The combination of a number of ultra- wealthy investors, high net-worth individuals, corporations and foundations all seeking to diversify, to leverage investment as a tool to drive social change can realize this ‘scale’ promise.
They are still looking for returns, perhaps less market-rate returns but where their capital is catalyzing impact. This means they are getting more interested in the pull of growing emerging economies, the more value-driven behaviours of consumers that is emerging post recent crisis and the need for relating and contributing to finding effective solutions to social and environmental challenges across all societies.
Part of the aim also is to recalibrate supply and demand that looks harder at social impact.
There is also talk of a social contract that may develop into Social Impact Bonds- investors provide capital to fund community-based programmes whose successful implementation lessens long-term public expenditure and improves society outcomes.
Clearly this emerging concept will not be easy but it does bring together all parties to attempt to drive impact and innovate in different fields where we have bigger social challenges. The key is it does need to generate shared value for all and that is going to be a hard road to travel.
Let’s look at some of the critical success factors for this to succeed.
The Monitor Institute wrote a report, released in 2009 (http://bit.ly/eH5UQ) on impact investing, and it provides an excellent overview of what needs to happen.
Their list of critical success factors was to view this from different parties’ perspectives but let me provide the list of significant issues to be resolved:
- Developing a range of different but creative packaging instruments that make it possible to gain sufficient returns and bring the different parties together in this project.
- Most probably have some infrastructure specially suited to manage opportunities (separate stock exchanges, intermediaries and specialists)
- Form a clear network/ community to enable linkages between investors and explore common goals.
- Encourage sufficient commercial capital to participate in joint deals by involving all possible investors that see this as critical to contribute funds too.
- Build sufficient submarket funds or grant capital that might have different investment rates so a more ‘blended’ rate is attractive and resolves different ‘benefit’ criteria between parties.
- Achieve a common approach for assessing social/ environmental elements of investment from research and valuation aspects.
- Structure a viable market for investment opportunities where competitive returns can be demonstrated that
- Impact rating systems can be developed that offer acceptable minimum standards to certify companies and verification and are not actually equally destructive.
- Achieve a growing standard of metrics that set out goals of achieving social or environmental objectives
- A real push will be needed for more product innovation that meets the challenges, is able to be scaled up and overcomes potential (parts of) society’s objection or concerns with accepting the changes it might bring.
This is an evolutionary path.
The view is this is going to be a ‘messy’ transition in the evolution of the activity surronding this. The fact that it is bringing together significant parties at the White House recently does indicate that this is getting a level of ‘traction’ and serious policy attention.
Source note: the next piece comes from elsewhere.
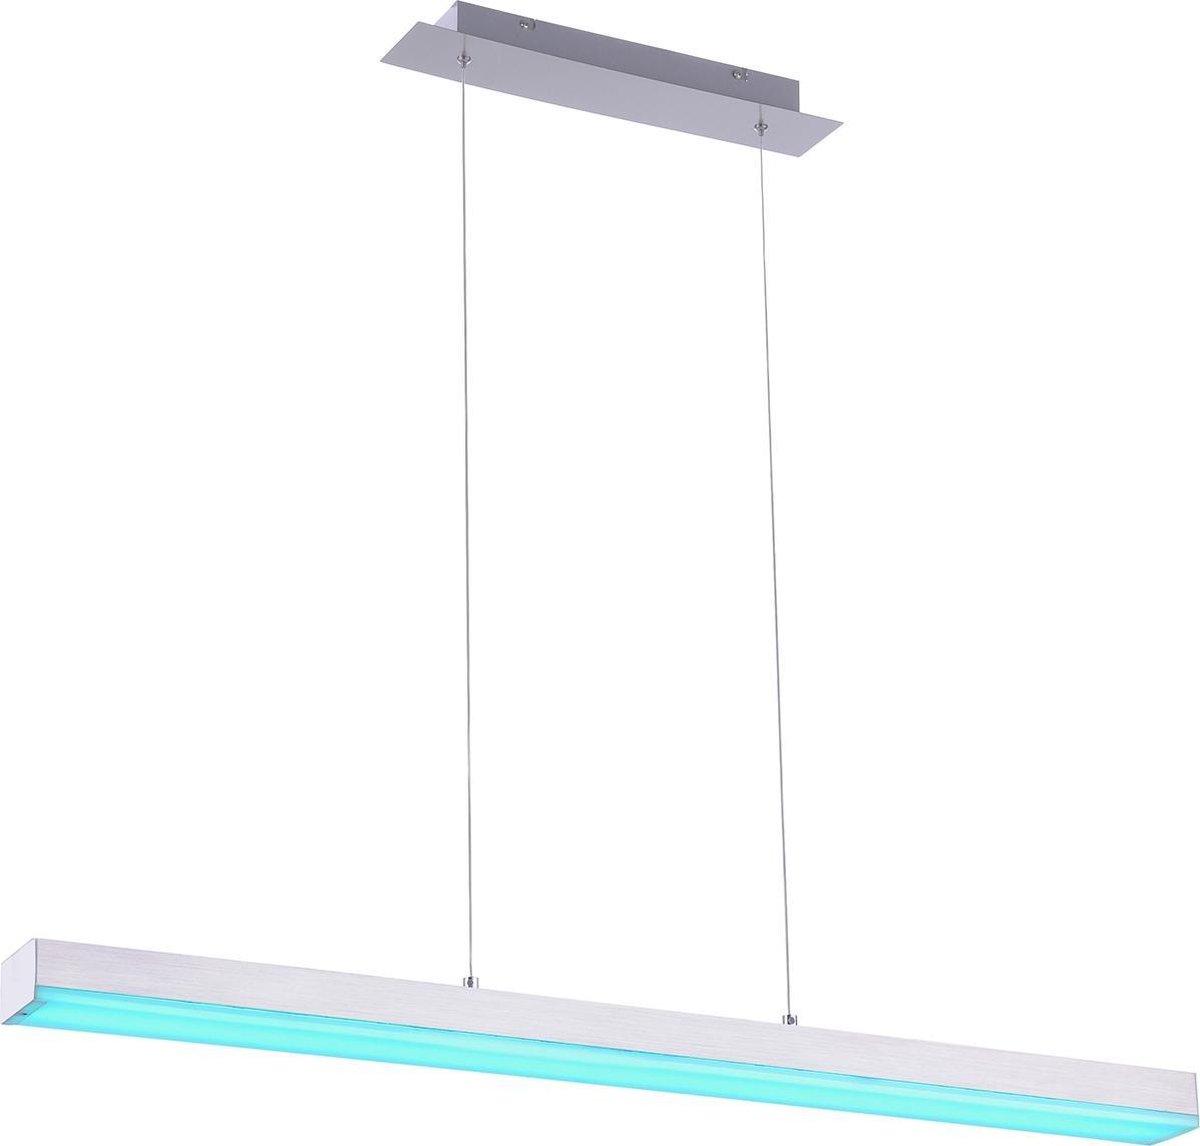 LED Hanglamp WiZ - Smart LED - Hangverlichting - Trion Lavar - 20W - Aanpasbare Kleur - RGBW - Rechthoek - Mat Nikkel - Aluminium - BSE

There is certainly growing interest along with real social pressure on the recognition for finding new innovative solutions to social and environmental challenges that reduce these pressing issues and become catalysts for new job opportunities and provide positive impact for societies.
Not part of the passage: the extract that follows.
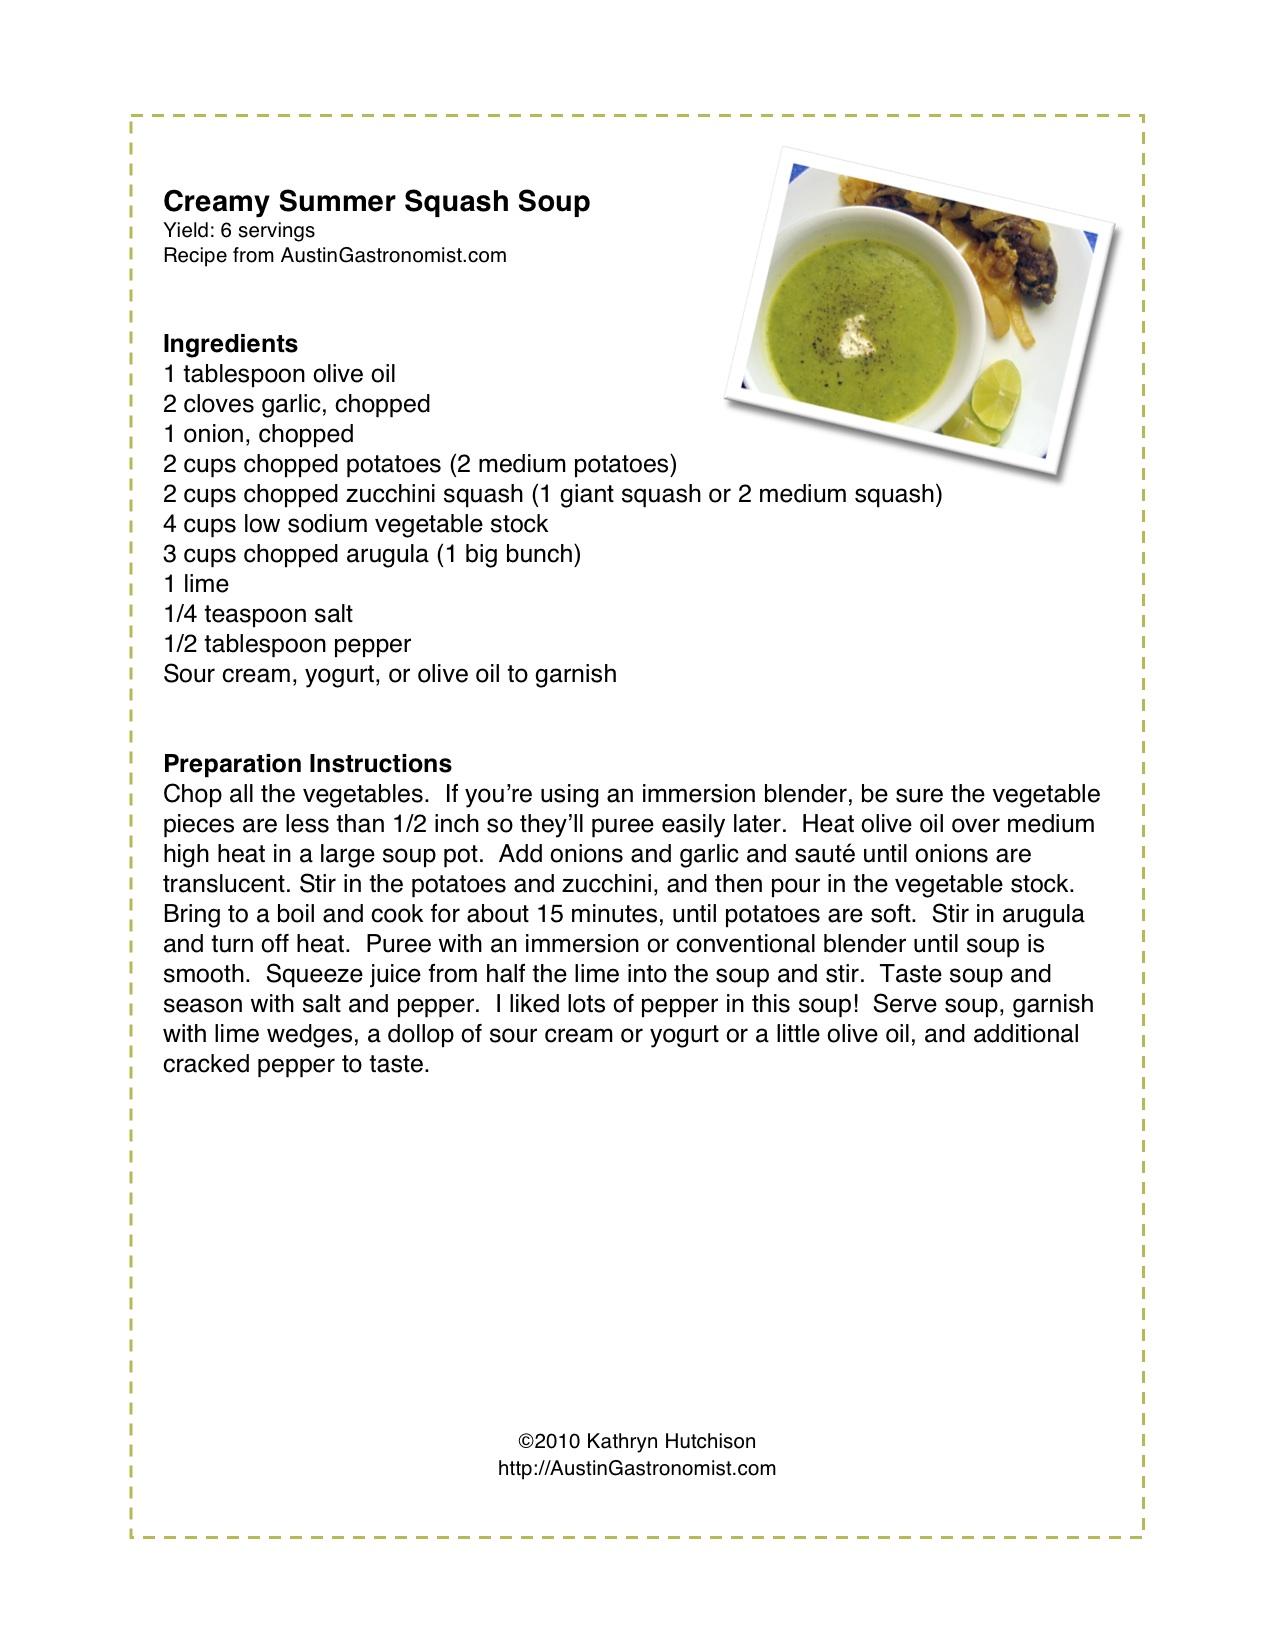 Top 10 of 2010, Plus Printable Recipes! | The Austin Gastronomist

We do need to explore new ways to resolve difficult issues. It is worth exploring and watching this Impact Economy movement as this can lead to that necessary combination of capital, talent and social challenge resolve that can partly help move us forward in new innovating ways that can hopefully engage all parts of society.
We do need some positive movement in this and if there is real convergence that solves societal problems through new innovation then we should all take note.